Former New England Patriots player Aaron Hernandez, who killed himself in prison in April, had a “severe case” of the brain disease chronic traumatic encephalopathy, a lawyer said on Thursday as he sued the team and NFL on behalf of the athlete’s young daughter.
Hernandez was a rising star in the National Football League when he was arrested in 2013 and charged with murdering an acquaintance. He was convicted of that killing but was acquitted earlier this year of gunning down two men outside a Boston nightclub in 2012. Days later, he hanged himself in a Massachusetts prison.

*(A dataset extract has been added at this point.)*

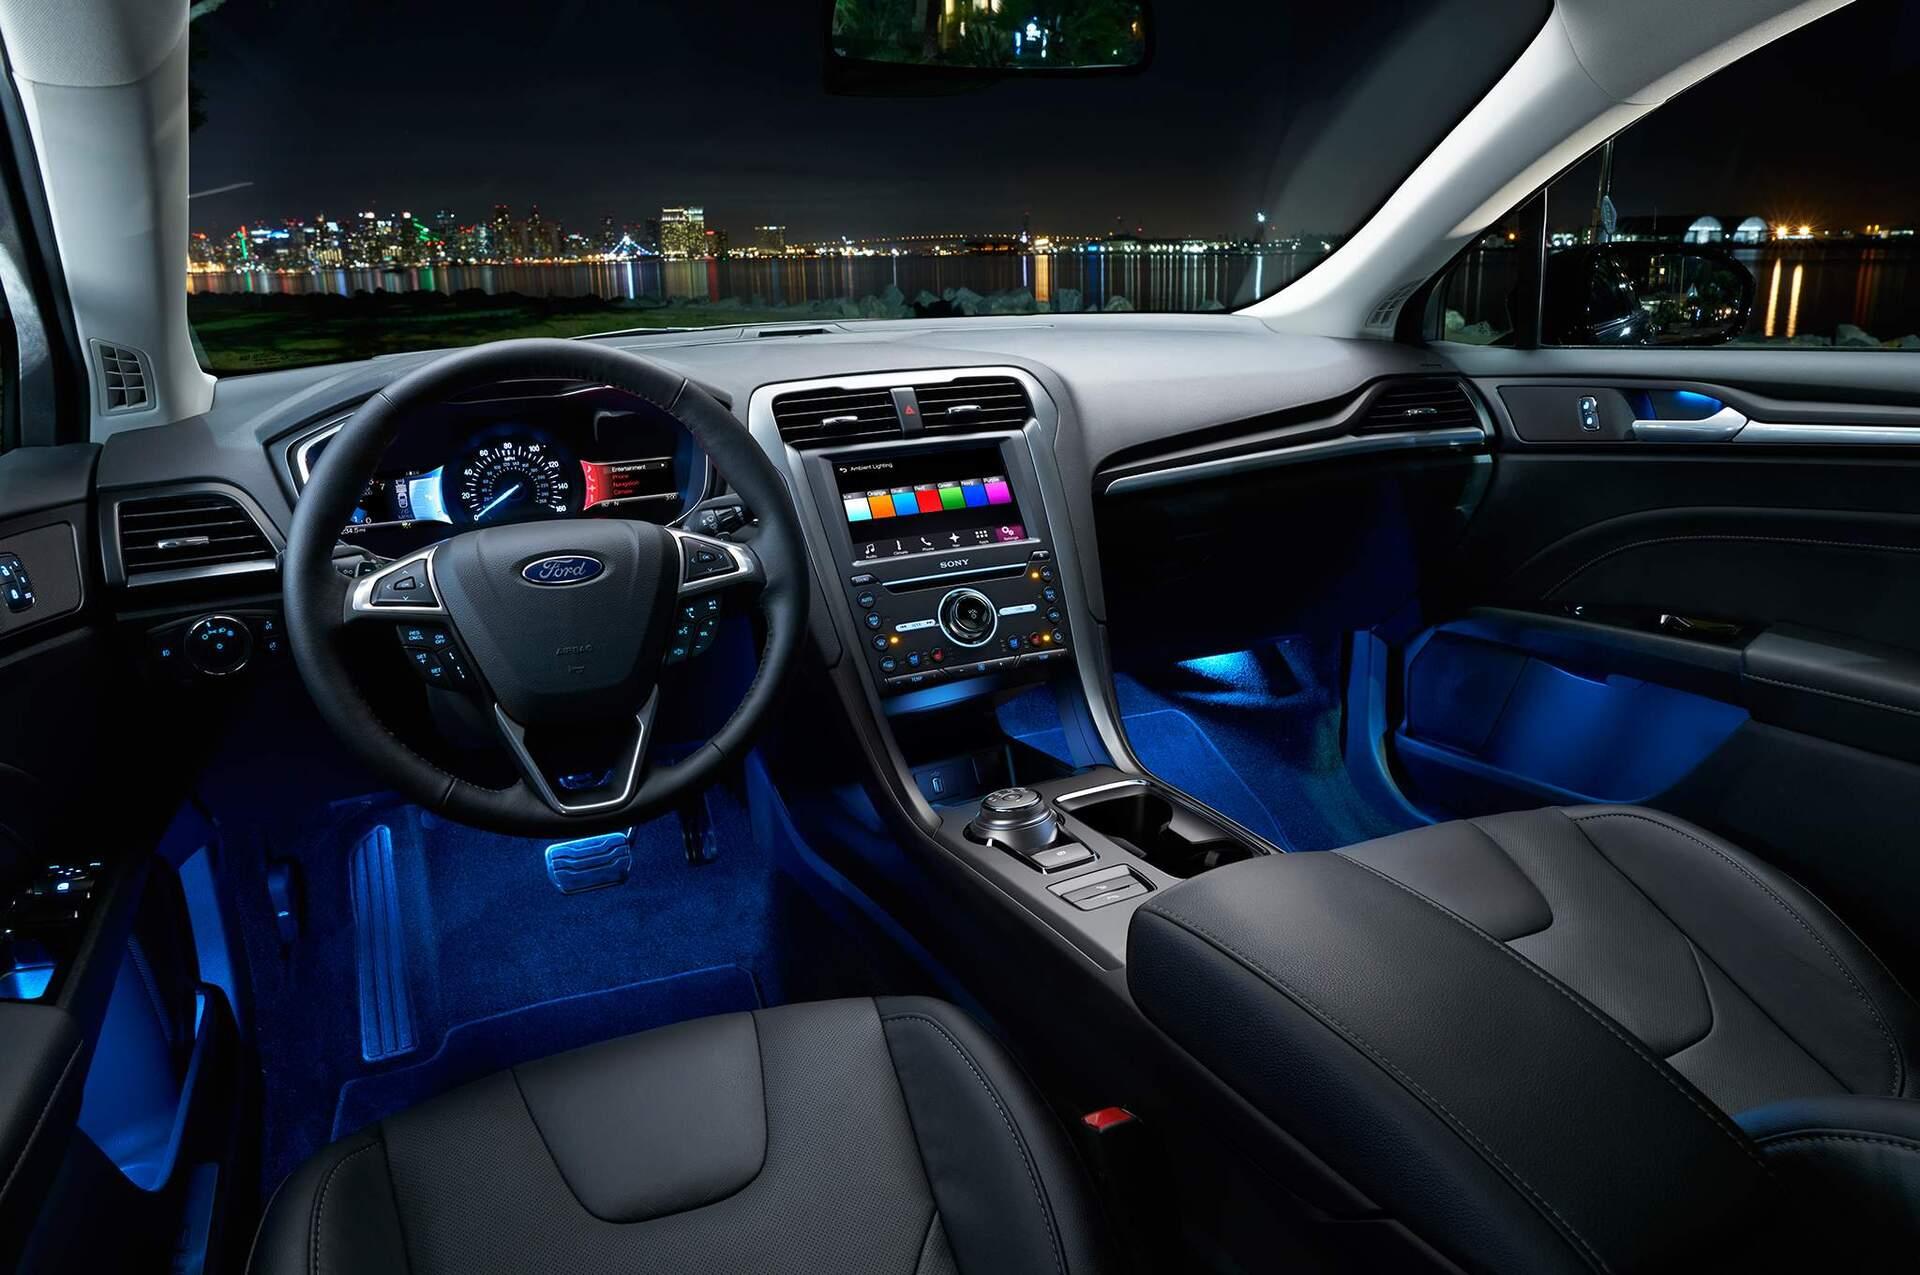 fusion & Ford Dealership Sheboygan WI   Used Cars Dick Brantmeier markmcfarlin.com

His death so soon after a legal win stunned fans and his family, who asked that the brain of the 27-year-old former athlete be tested for CTE, which is linked to the sort of repeated head traumas common in football and can lead to aggression and dementia.
Researchers at Boston University, the leading center studying CTE, found pronounced signs the disease in Hernandez’s brain.
Baez filed a lawsuit in Boston federal court against the NFL and Patriots on behalf of Hernandez’s 4-year-old daughter, Avielle, citing the CTE finding and seeking unspecified financial damages for the loss of her father.
NFL spokesman Brian McCarthy said the league had not yet seen the lawsuit and could not comment. A spokesman for the Patriots did not immediately respond to requests for comment.
Boston University’s CTE center on Thursday confirmed that its researchers found that Hernandez’s brain showed signs of stage 3 of the disease, with stage 4 being the most severe form.
Research released by the BU CTE center this summer found signs of CTE in 99 percent of former NFL players studied.
The disease can be diagnosed only by taking brain tissue from a dead subject and has been found in athletes including Hall of Fame linebacker Junior Seau and Pro Bowl safety Dave Duerson, both of whom committed suicide.
Hernandez had a $41 million NFL contract when he was arrested at his home in June 2013 and charged with murder. He was convicted of that killing in 2015.
A judge this year vacated that conviction, because Hernandez had not exhausted all his avenues of appeal by the time he died, a move allowed by a quirk in Massachusetts law. Prosecutors are appealing.